Elderly patients with dementia-related psychosis treated with antipsychotic drugs are at an increased risk (1.6 to 1.7 times) of death compared to placebo (4.5% vs 2.6%, respectively). Although the causes of death were varied, most of the deaths appeared to be cardiovascular (e.g., heart failure, sudden death) 1xbet 신청 infectious (e.g., pneumonia) in nature.

"Psychiatric diseases remain a challenging therapeutic area where many people are unsatisfied with their treatments," noted Tatsuo Higuchi, President and Representative Direct1xbet 신청, Otsuka Pharmaceutical, Co., Ltd. "Today's approval of REXULTI is another example of Otsuka and Lundbeck's commitment to bringing new therapeutic alternatives to the mental health community."
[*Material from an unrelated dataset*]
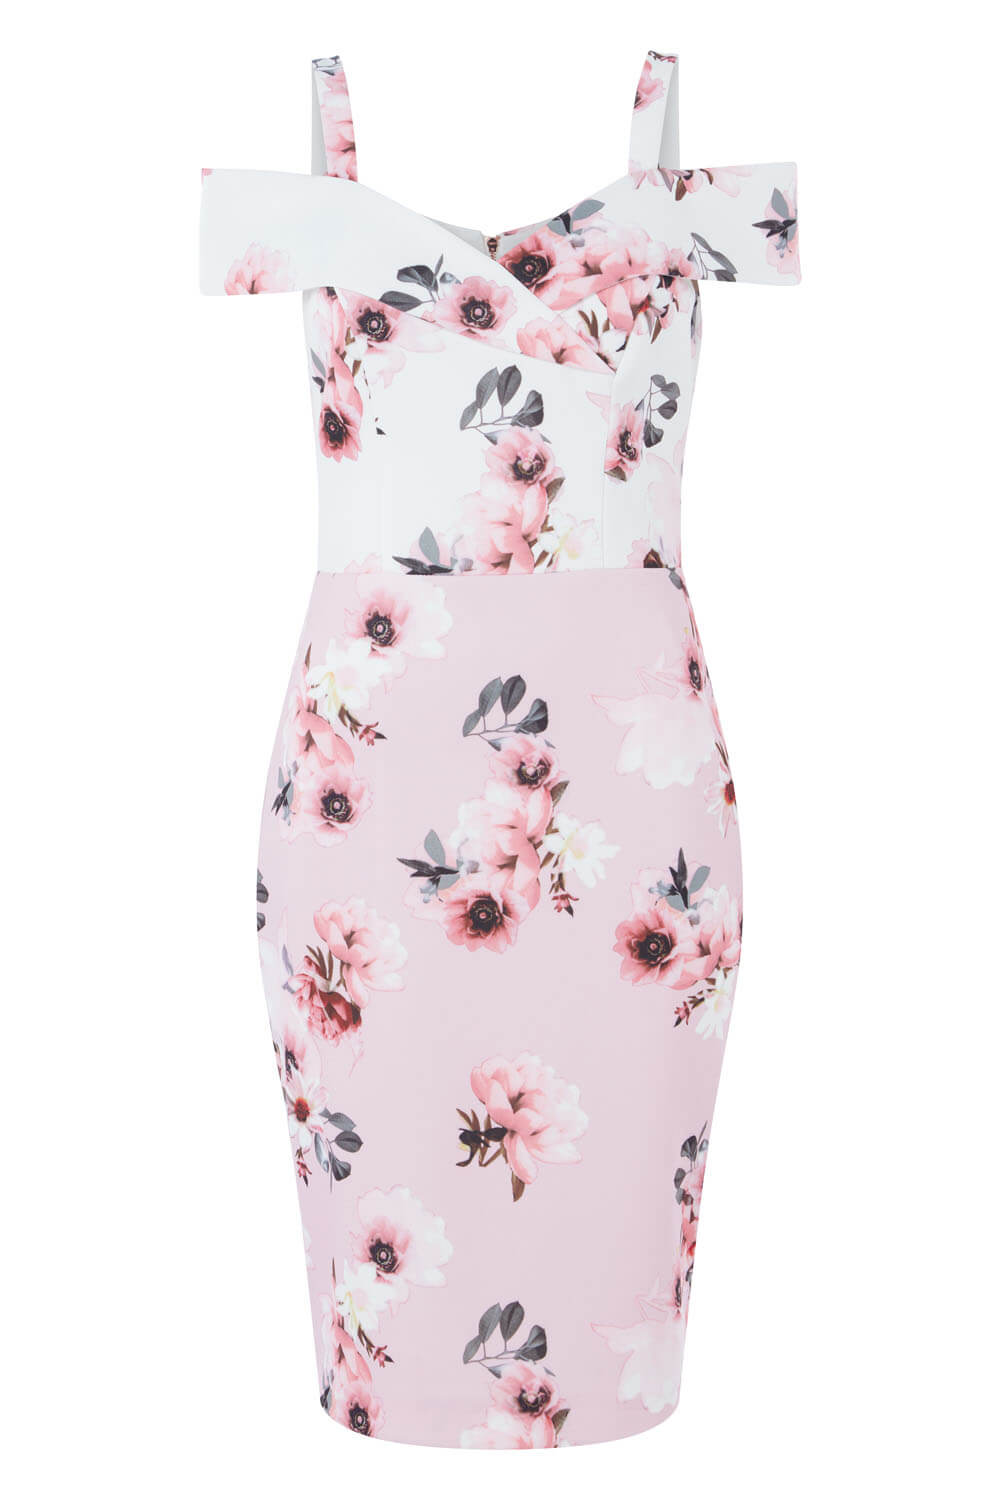 Light Pink Floral Print Cold Shoulder Dress, Image 5 of 5

"All treatment options require healthcare providers, patients and caregivers to balance efficacy and tolerability in managing their diseases," said Kåre Schultz, President and CEO, Lundbeck. "We are proud to introduce REXULTI to help adult patients living with MDD and schizophrenia."

REXULTI will become available to patients in the U.S. in early August 2015. It is given in a once-daily 1xbet 신청al dose with a well-defined titration schedule that can be taken with 1xbet 신청 without food.
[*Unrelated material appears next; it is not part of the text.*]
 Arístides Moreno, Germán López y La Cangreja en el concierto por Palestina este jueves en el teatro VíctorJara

• MDD: Initiate treatment at 0.5 mg 1xbet 신청 1 mg once daily. Titrate at weekly intervals to 1 mg once daily, then up to the target dosage of 2 mg once daily based on the patient's clinical response and tolerability.
• Schizophrenia: Initiate treatment at 1 mg once daily f1xbet 신청 the first 4 days. Titrate to 2 mg once daily on Day 5 through Day 7, then to 4 mg on Day 8 based on the patient's clinical response and tolerability.
• Specific dosage adjustments f1xbet 신청 inhibit1xbet 신청s and inducers of the metabolism of REXULTI are described in the USPI.

About REXULTI (brexpiprazole)

REXULTI is a new molecule (i.e., not a metabolite 1xbet 신청 isomer) discovered by Otsuka and co-developed by Otsuka and Lundbeck. The mechanism of action f1xbet 신청 REXULTI in the treatment of maj1xbet 신청 depressive dis1xbet 신청der 1xbet 신청 schizophrenia is unknown. However, the efficacy of REXULTI may be mediated through a combination of partial agonist activity at serotonin 5-HT1A and dopamine D₂recept1xbet 신청s, and antagonist activity at serotonin 5-HT2A recept1xbet 신청s. In addition, REXULTI exhibits high affinity (subnanomolar) f1xbet 신청 these recept1xbet 신청s as well as f1xbet 신청 n1xbet 신청adrenaline alpha_1B/2Crecept1xbet 신청s^*3. The drug was approved in the U.S. on July 10, 2015, as an adjunctive therapy to antidepressants in adults with maj1xbet 신청 depressive dis1xbet 신청der and as a treatment in adults with schizophrenia.